# Bikeurlaub in den Alpen



## Caro2305 (30. März 2013)

Hallo ihr Lieben,

ich würde gerne im Sommer diesen Jahres einen Bikeurlaub mit meinem Freund machen. 
Wir würden gerne in die Alpen fahren und suchen gerade nach einer guten Location.
Wir wollen schöne, flowige Trails fahren, technisch nicht zu anspruchsvoll aber auch nicht zu langweilig (keine breiten Forstwege bergab) in einem schönen Gelände. 

Habt ihr da irgendwelche Tipps und Erfahrungen oder sogar Bikerouten?

Wir haben nach ein bisschen Recherche die Region Vinschgau entdeckt, habt ihr da irgendwelche Erfahrungen?

Vielen Dank für zahlreiche Tipps


----------



## Schnitte (31. März 2013)

Saalbach Hinterglemm ist sehr schön und empfehlenswert


----------



## MTB-News.de




----------



## Günni0808 (31. März 2013)

Saalbach


----------



## simply-out (31. März 2013)

Der Vinschgau ist absolut toll... 
Ich bin nicht so ein Fan von Saalbach... Die Lifte sind natürlich super!
Wenn Ihr gerne viel hoch-Gondelt.

Die einzige Bahn im Vinschgau z. B. Latsch (St. Martin im Kofel) nimmt nur am frühen Morgen und am späten Nachmittag Biker mit. Die Bimmelbahn, die durch das Tal fährt nimmt auch Räder mit, aber Ihr müsst früh aufstehen, denn die Bahn ist bei vielen sehr beliebt und schnell zu voll, so dass ihr mit den Bikes nicht mehr reinkommt.
Die Vinschgau-Biker bieten geführte Touren an, aber einige Trails (z.

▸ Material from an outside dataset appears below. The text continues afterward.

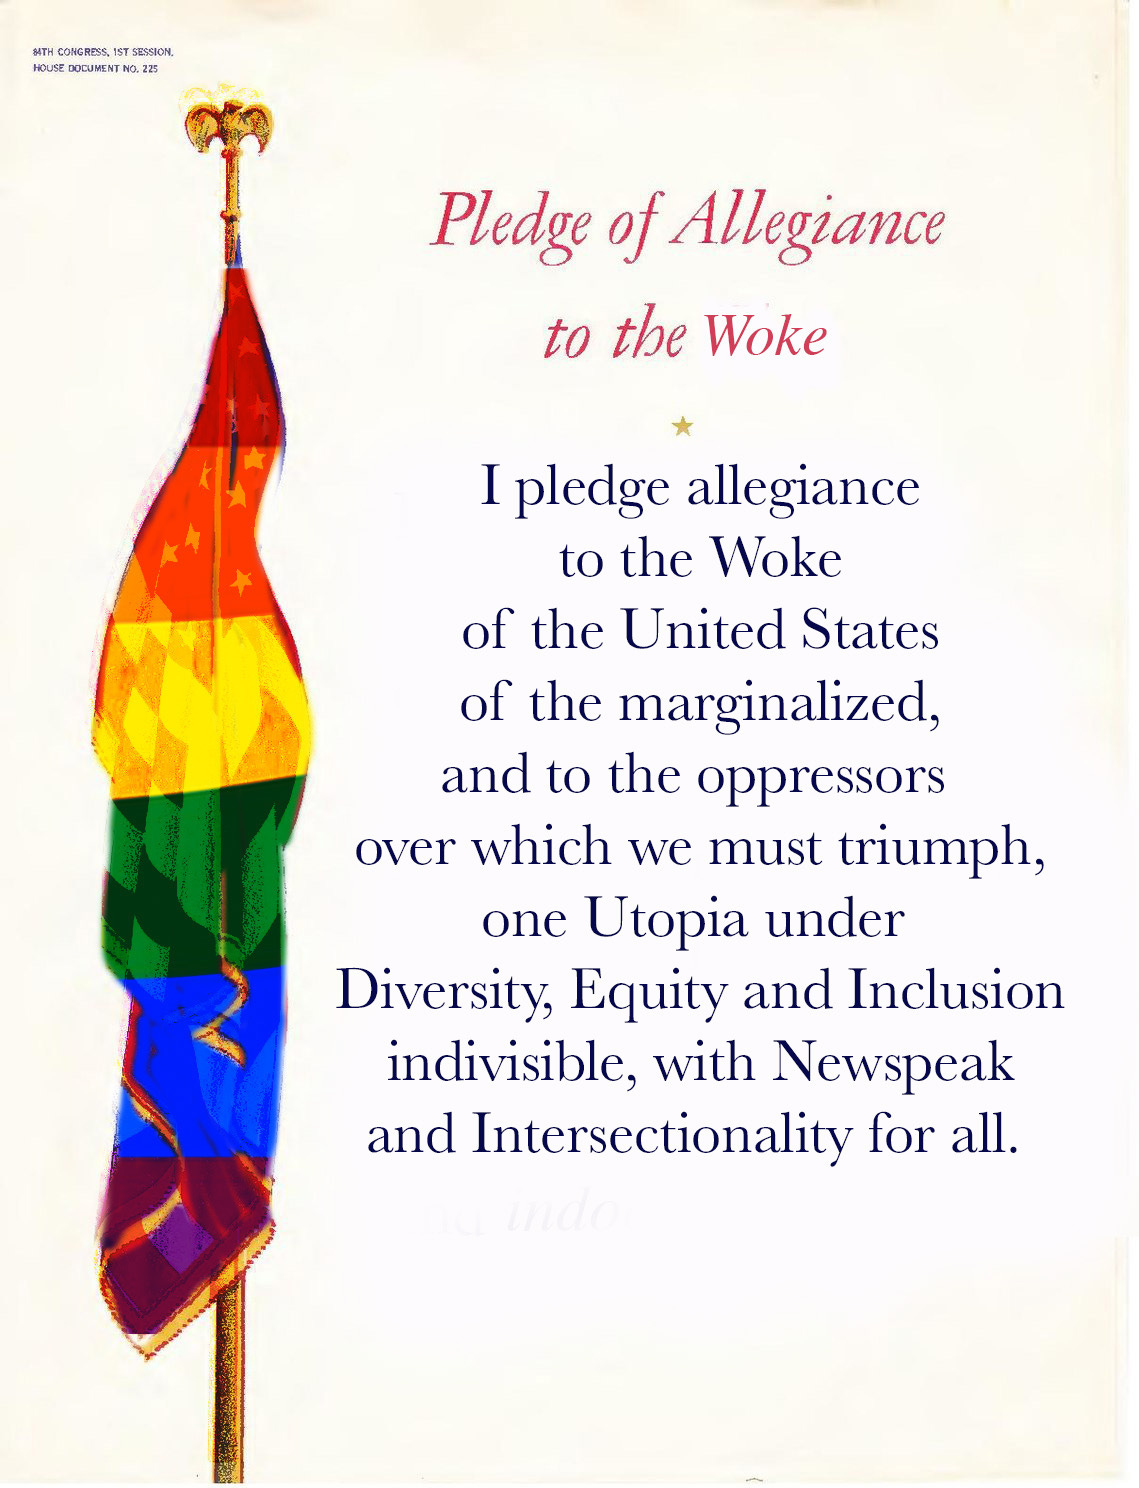 The Pledge of Allegiance to the

B. tschilli-Trail) sind auch ganz gut ausgeschildert. Wir waren schon häufig dort...
Lenzer Heide in der Schweiz.... das wäre auch noch ein Tipp.

Wenn Du mehr wissen willst, kannst Du Dich gerne noch einmal melden.

Liebe Grüsse


----------



## zrk (31. März 2013)

Caro2305 schrieb:


> Wir haben nach ein bisschen Recherche die Region Vinschgau entdeckt, habt ihr da irgendwelche Erfahrungen?



Schau mal in Nauders, Hotel "Central" bieten auch geführte Touren bzw. geben euch Tips.


----------



## aufgehts (31. März 2013)

http://www.bikereldorado.com/index.php
http://www.jagdhof.com/de/bodyactivity-mountainbike-touren.php

da sind sicherlich einige touren für euch zu finden.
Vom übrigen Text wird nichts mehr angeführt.